La mise en place au niveau régional d’une planification hospitalière contraignante était l’une des principales mesures recommandées pour freiner la hausse des coûts dans le rapport de 2017 du groupe d’experts mandatés par la Confédération. D’anciens membres de ce groupe critiquent le fait que cette recommandation n’ait pas été suffisamment mise en œuvre. En effet, si la LAMal et l’OAMal prévoient que les cantons coordonnent leur planification hospitalière, ces dispositions ne sont pas suffisamment contraignantes pour les cantons. Les incitations contraires sont trop fortes pour les cantons, qui revêtent tour à tour les casquettes de propriétaire des hôpitaux et de régulateur.

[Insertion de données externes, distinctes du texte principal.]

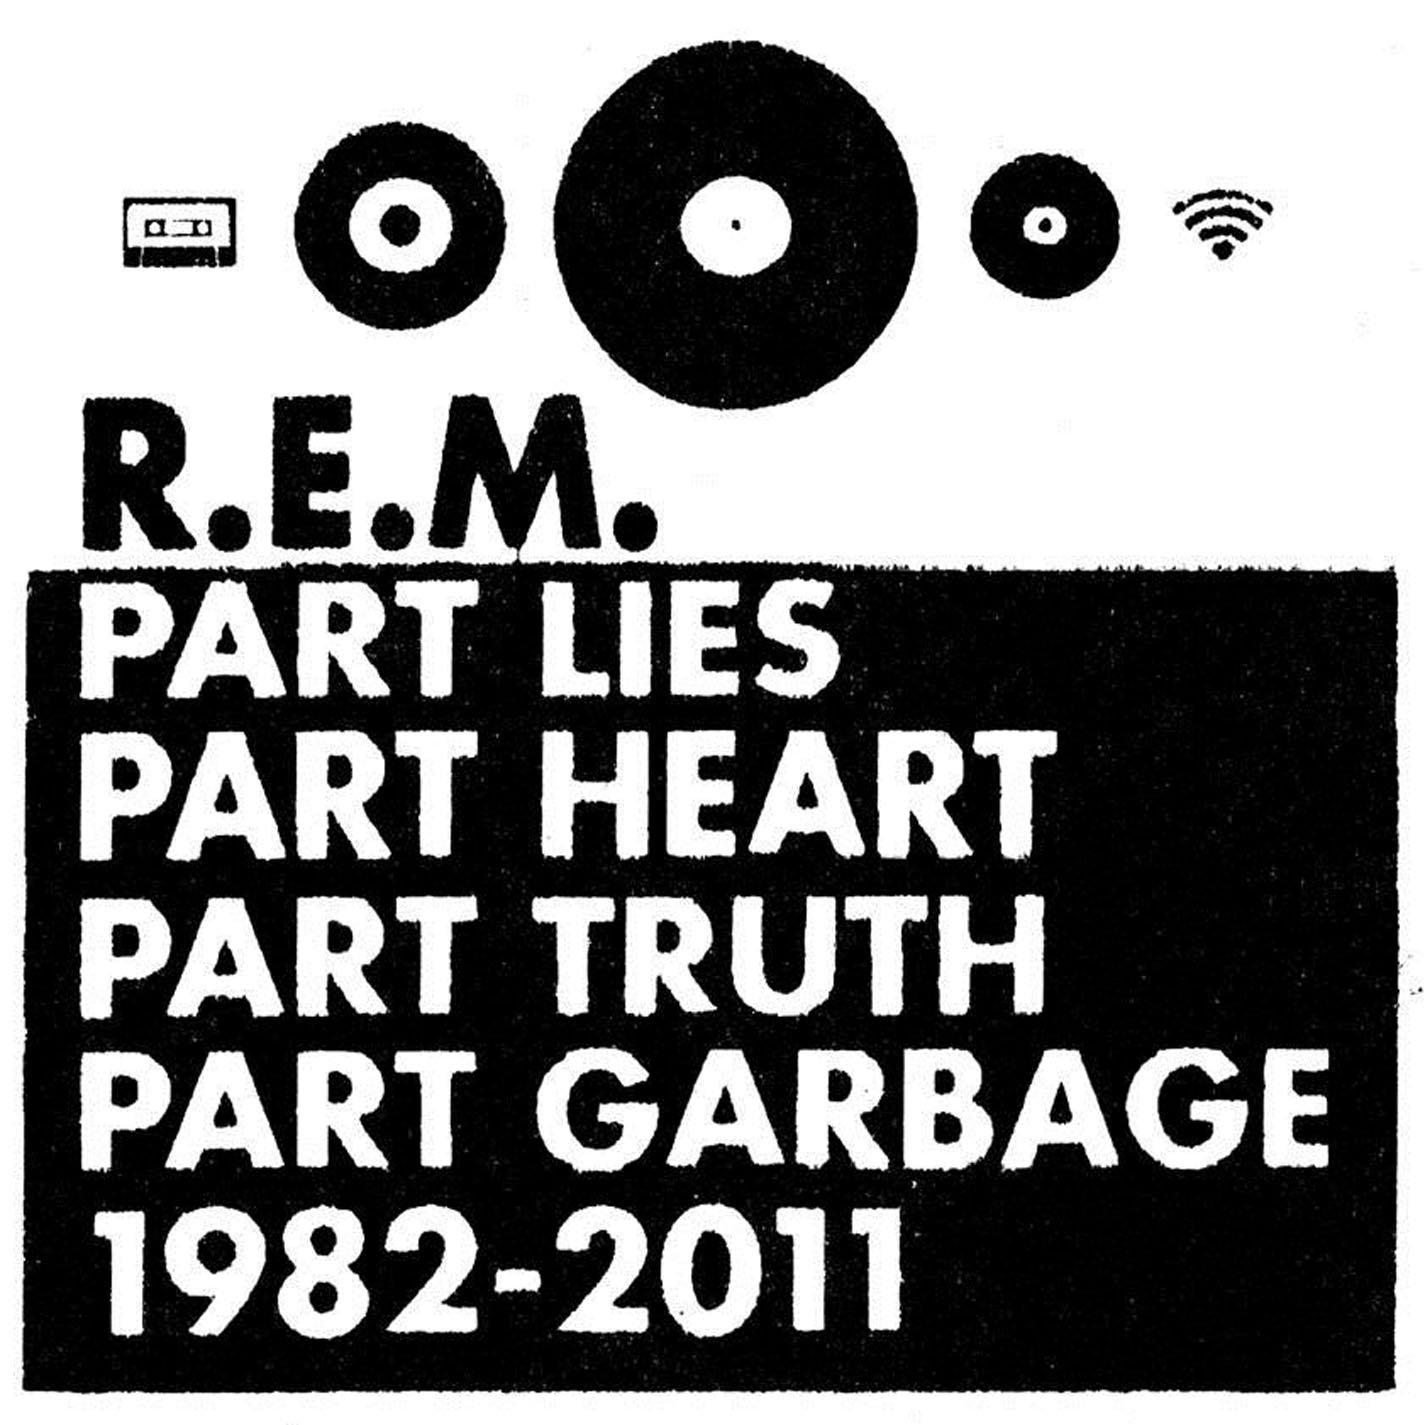 audio review : Part Lies Part Heart Part Truth Part Garbage ( album ) ... REM

Les responsables cantonaux qui prennent les décisions en voient par ailleurs les conséquences de tellement près qu’ils sont incités à penser à court terme pour des raisons politiques personnelles. Il en résulte une offre excédentaire et une augmentation des coûts.
La réalisation commune de la planification hospitalière par la Confédération et les cantons permettrait de conserver les atouts du système actuel, notamment la prise en compte des particularités et besoins locaux, et donner le dernier mot à la Confédération permettrait de mieux coordonner la planification. Une spécialisation ciblée des hôpitaux serait alors possible. Certaines prestations ne seraient dès lors plus proposées que sur quelques sites, ce qui réduirait les coûts tout en améliorant la qualité. Un grand établissement spécialisé peut en effet concentrer les ressources et l’expérience et disposer de davantage de compétences spécialisées que plusieurs établissements de plus petite taille.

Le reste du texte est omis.